Heidi Shafer, the Shelby County Commission’s budget chair Shafer is taking the lead in walking back that enthusiasm. She said on Monday that she would be scheduling an additional “education-only” budget session “as soon as we can before we vote on the 20th” to discuss the ramifications for local school funding of the state’s Basic Education Plan, as well as future maintenance-of-effort and OPEB (Other Post-Employment Benefits) obligations.

On Tuesday Shafer announced that the education review meeting would be held at 3 p.m. Monday in the Commission’s chambers.

One reason for the nearly uniform support given SCS superintendent Dorsey Hopson during his budget-request presentation last week was the fact that an award to his district of $14.9 million would apparently invoke a version of the ADA (average-daily-attendance) formula and require an additional amount of some $5 million to be distributed proportionally among the six municipal school districts created in Shelby County’s suburbs over the last year.

Given the financial strains reported in some of those systems, the SCS request thereby opened up prospects for some relief.

Acknowledging the fact, Shafer said that was a reason why she wanted to see if the budget increase would create long-term obligations for the county and the municipalities under the maintenance-of-effort formula recognized by the state and, in the case of the City of Memphis vis-à-vis the old Memphis City Schools system, mandated by the courts.

“There are so many complications to the whole area of school funding that we really just need an extensive examination of it all,” Shafer said.
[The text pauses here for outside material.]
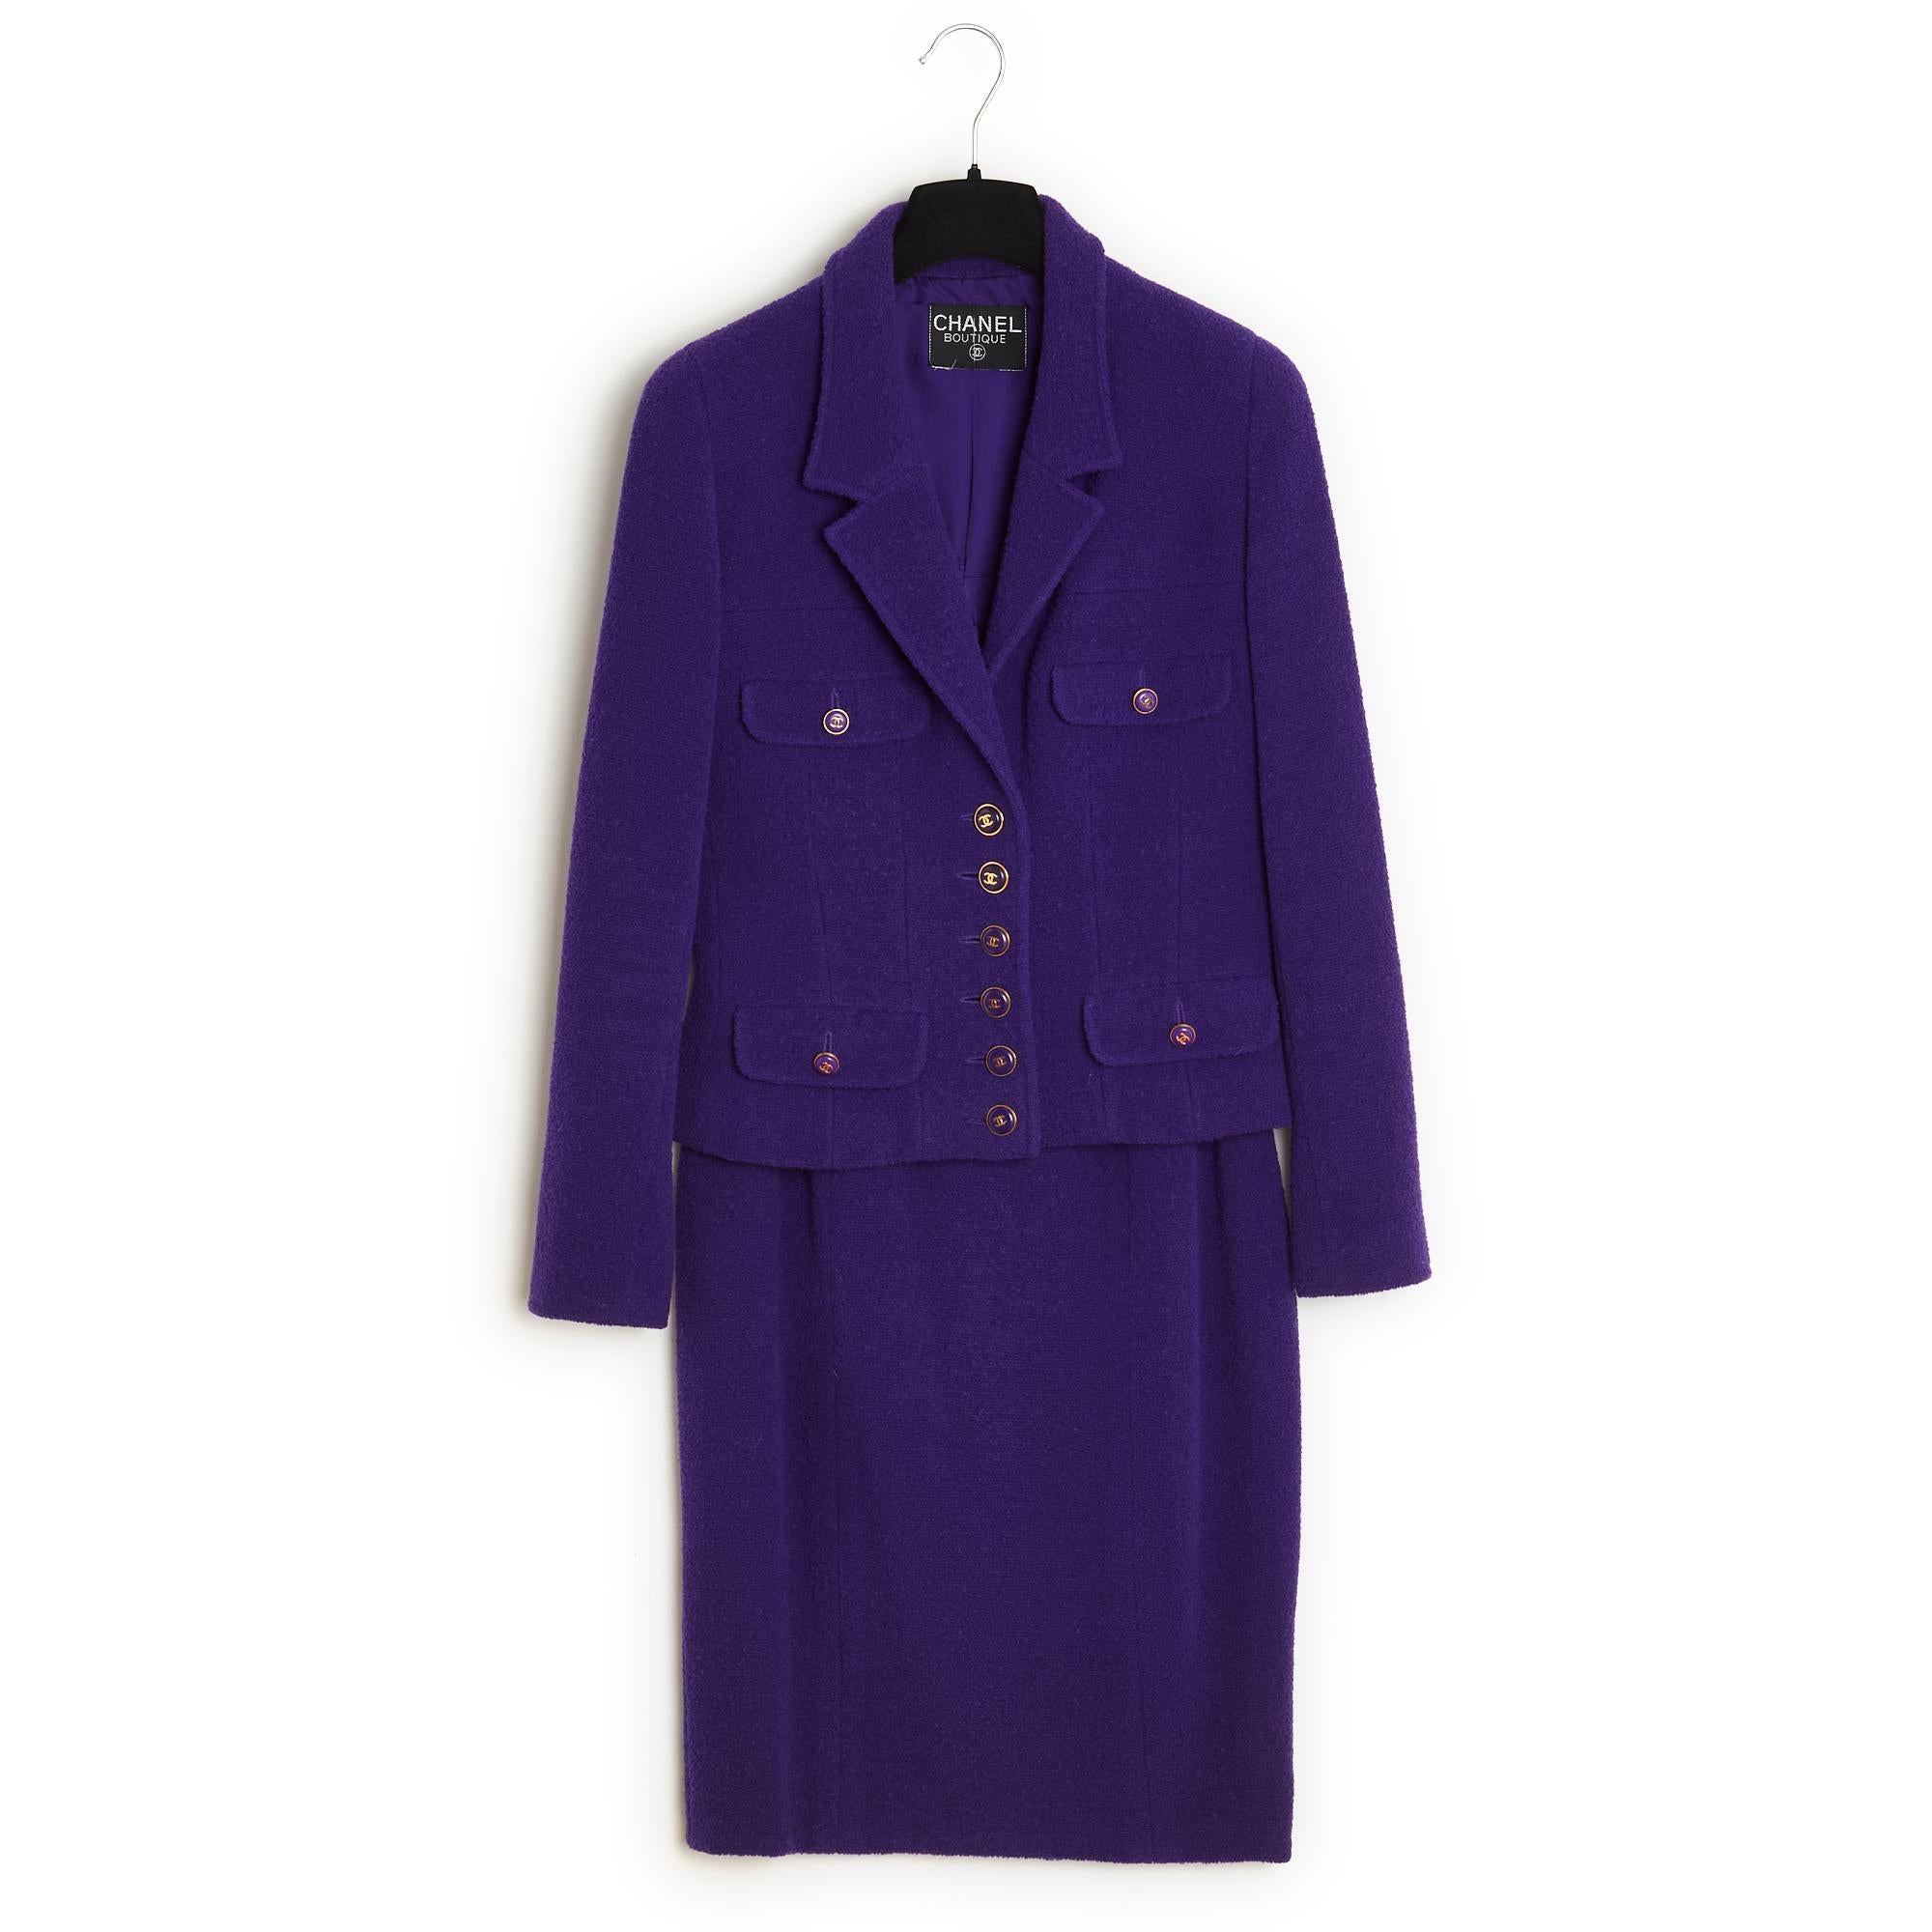 Chanel suit jacket from the Fall Winter 1995 collection in dense but dark purple terry wool, composed of a jacket with a notched collar closed in front with 6 purple resin buttons decorated with a CC logo, 4 buttoned patch pockets at the chest and

Another matter to be discussed on Monday, according to both Shafer and Commissioner David Reaves, a veteran of both the former (suburban-only) and latter-day version of the Shelby County Schools boards, will be whether the state is short-changing local school districts in its distribution of funding under the BEP.

The Hamilton County School District (Chattanooga) is suing the state over what it claims is under-funding by the state, and school districts in Tennessee’s three other metropolitan areas, those of Memphis, Nashville, and Knoxville, are pooling their efforts in a lobbying effort to redress the current state funding formula.